I arrived at the grocery store and out of my air conditioned car. At that moment the heat from the day actually turned into a fist and punched me in the face harder than the hit Snookie took in Season Two of The Jersey Shore (only I didn’t whine like a baby afterward).
I then walked from the parking lot to the store in the scorching heat. By the time I reached the door I was drenched in sweat, and pretty sure at least two patrons were convinced I was going to have a heart attack. (I may or may not have been one of the two patrons).
I looked for the cart that had the least amount of grime on the handle, and began my trip throughout the store. Since I had only eaten a small amount of expired leftovers from my fridge for lunch, my stomach was growling with hunger, or I was in the beginning stages of food poisoning…either one were viable options.
Either way, being in a store filled with food wasn’t helping. I felt like…well…I felt like me in a grocery store filled with food. I tried to avoid temptation by rushing through the aisles, picking up the items I needed and a few that I didn’t.
I managed to fill my cart with all the necessary items I needed (yes, grape flavored vodka is a necessity), and I headed to the checkout.

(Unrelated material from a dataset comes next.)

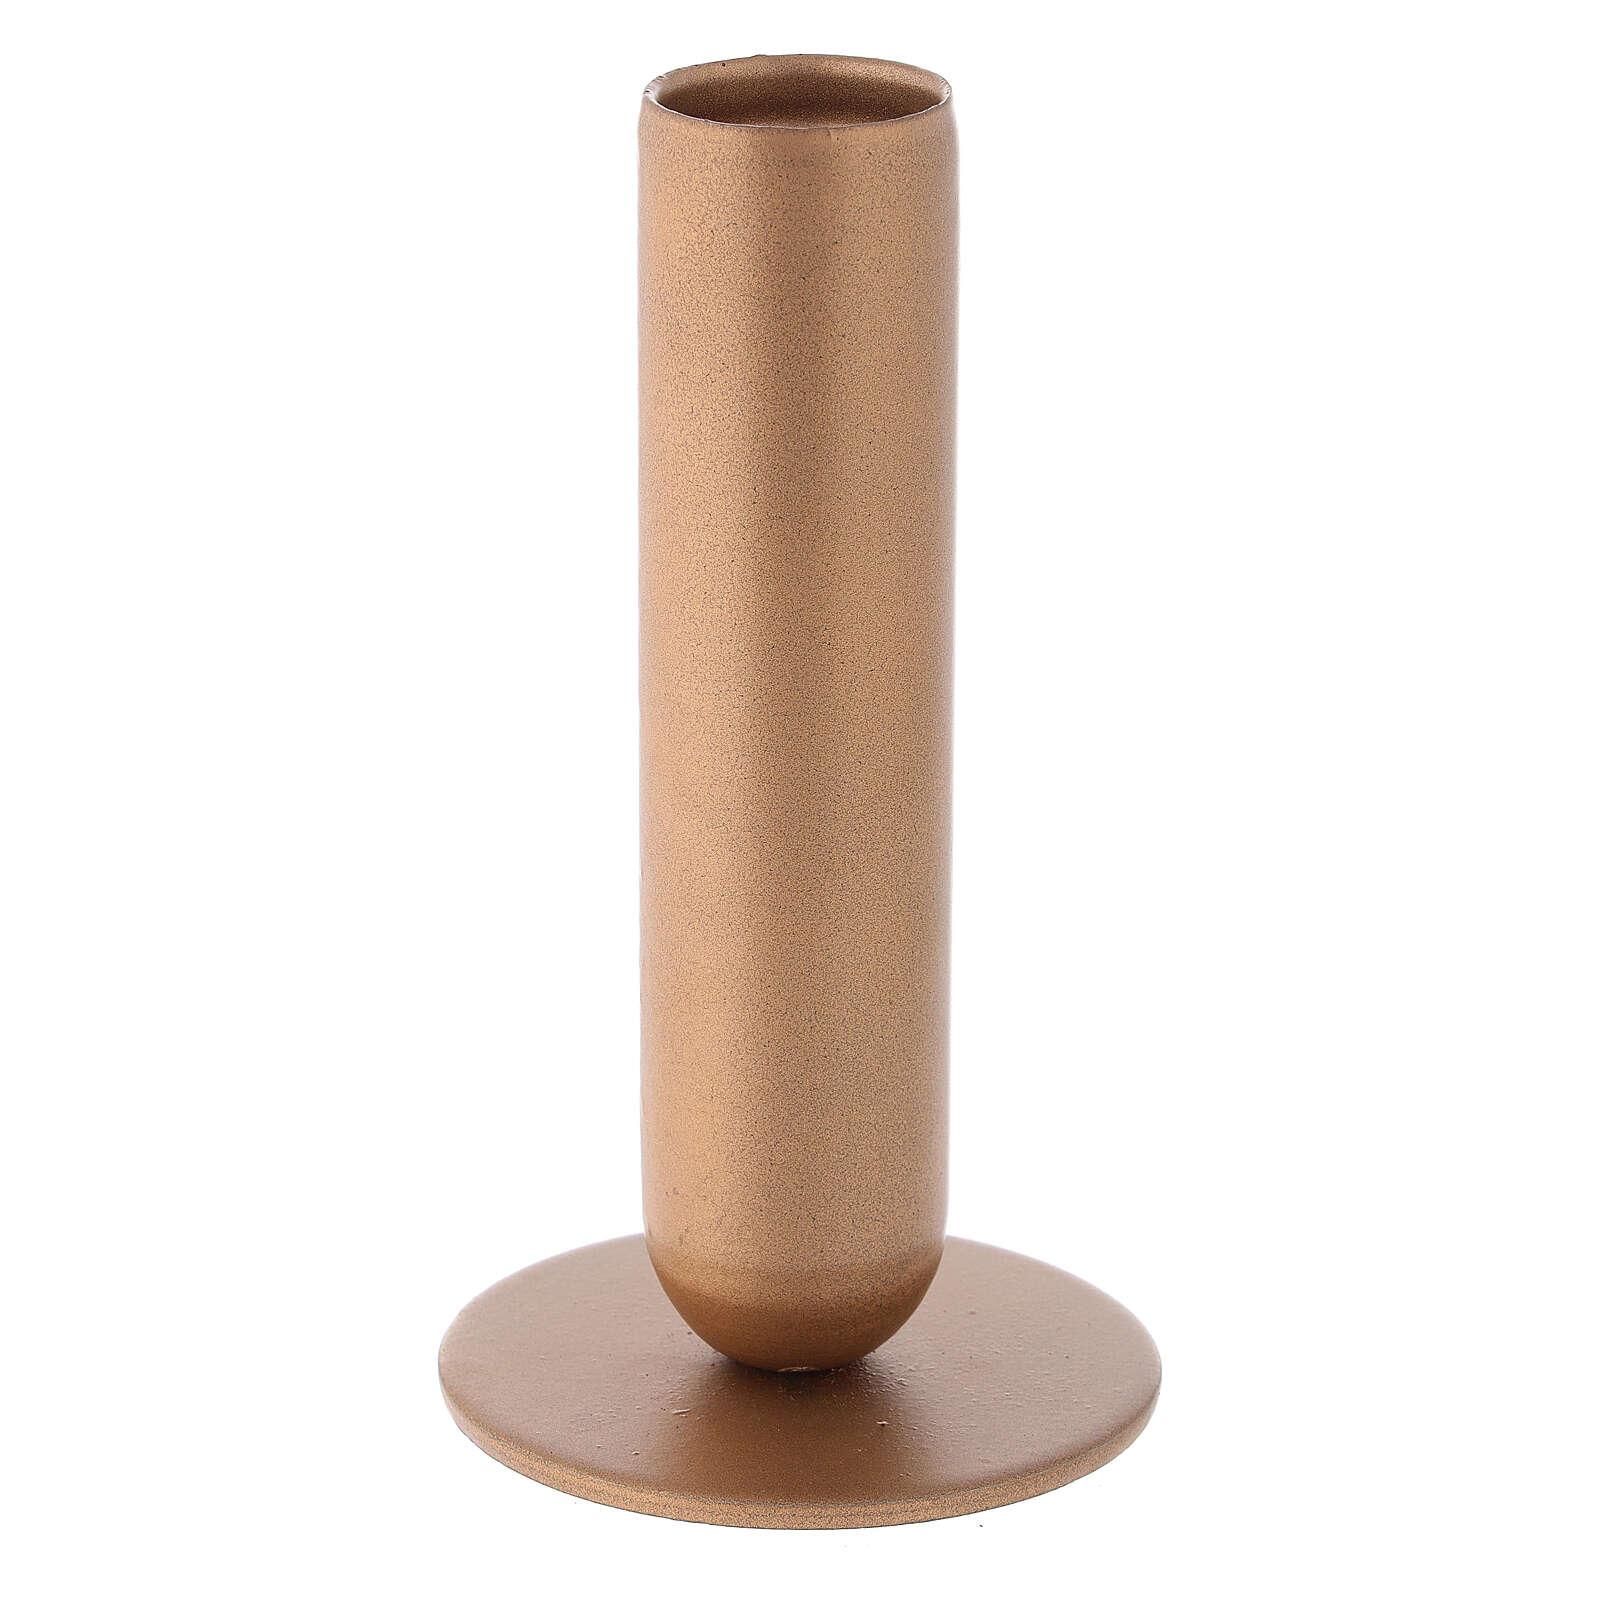 Bougeoir fer doré bocal haut h 12 cm 3

There were only two checkers working, and they both had lines several people deep.
Normally I wouldn’t mind the line and usually would stand and read the trashy magazines about how everyone hates The Bachelorette,
but since I have a subscription to many of these magazines, I knew I would only be cheating myself.
I proceeded to the self checkout lane, which this store cleverly called “The Fast Lane.” It looked like a spaceship, and I was feeling futuristic and up for the challenge.
I began taking items out of my cart and putting them on the miniature conveyor belt in rapid speed, as I felt I needed to stay true to the “Fast Lane” mantra. Before I could scan any of my items, the computer asked me what language I wanted to use.
Naturally, I chose Spanish.
I scanned my first two items without incident. After all, I was a star grocery checker back in my high school days when I worked at a grocery store. (Okay, so I wasn’t so much their star checker, but that’s because they didn’t understand my sarcasm. Standing all day in the same spot was hard work and I needed breaks so every shift I told my male boss I had my period and had to go to the bathroom where I would sit on the toilet, clothed, and read Elle Magazine).
The scanning was going along great until the machine began beeping and a woman’s voice from the machine said “Quitar elemento y colocarlo en la bolsa.” What?!
I did remove the item and place it in the bag!!! I was staring at the item in the bag.
What was wrong with this woman, and how did she know anything about the location of my items? I sought the assistance of the rebellious teenager working the futuristic machine and she reset it for me. I was back on track!
I scanned again and it started beeping at me again, but this time my Spanish wasn’t as great as I had remembered, and I had no clue what was going one. (Perhaps I should have paid better attention in Spanish 5 instead of using it as my “siesta” time.)
The teenager with the bad case of acne working “The Fast Lane” was now growing irritated with me, most likely because I was slowing it down to more of the “Regular Paced Lane.”
She walked over to me looking annoyed. I thought about telling her my period trick so she could have a break, but thought better of it. She fixed the machine and I once again began scanning.
Just about the time the bitter teenager returned to her station, the machine beeped again, and I swear the woman’s voice in the machine became more hostile.
The teenager returned for the third time, and I felt like a kindergartner who was called to the principal’s office for eating her friend’s boogers. The checker was not
happy with me.
She asked what I did to the machine to make it continually beep, and when I opened my mouth to proclaim my innocence, I realized that I forgot to brush my teeth, and the smell of last night’s Mexican food filled the air.
While overpowering my urge to grab a bag of chips and salsa for the road, the teenager reset the machine for me one last time and stomped away.
I finished scanning my items, saying a silent prayer the machine wouldn’t call me out once again on my incompetence. I completed my purchase and left the store, my head hung in shame.
I was just thankful I had purchased enough grape vodka to ease my sorrows from such a stressful trip to the store.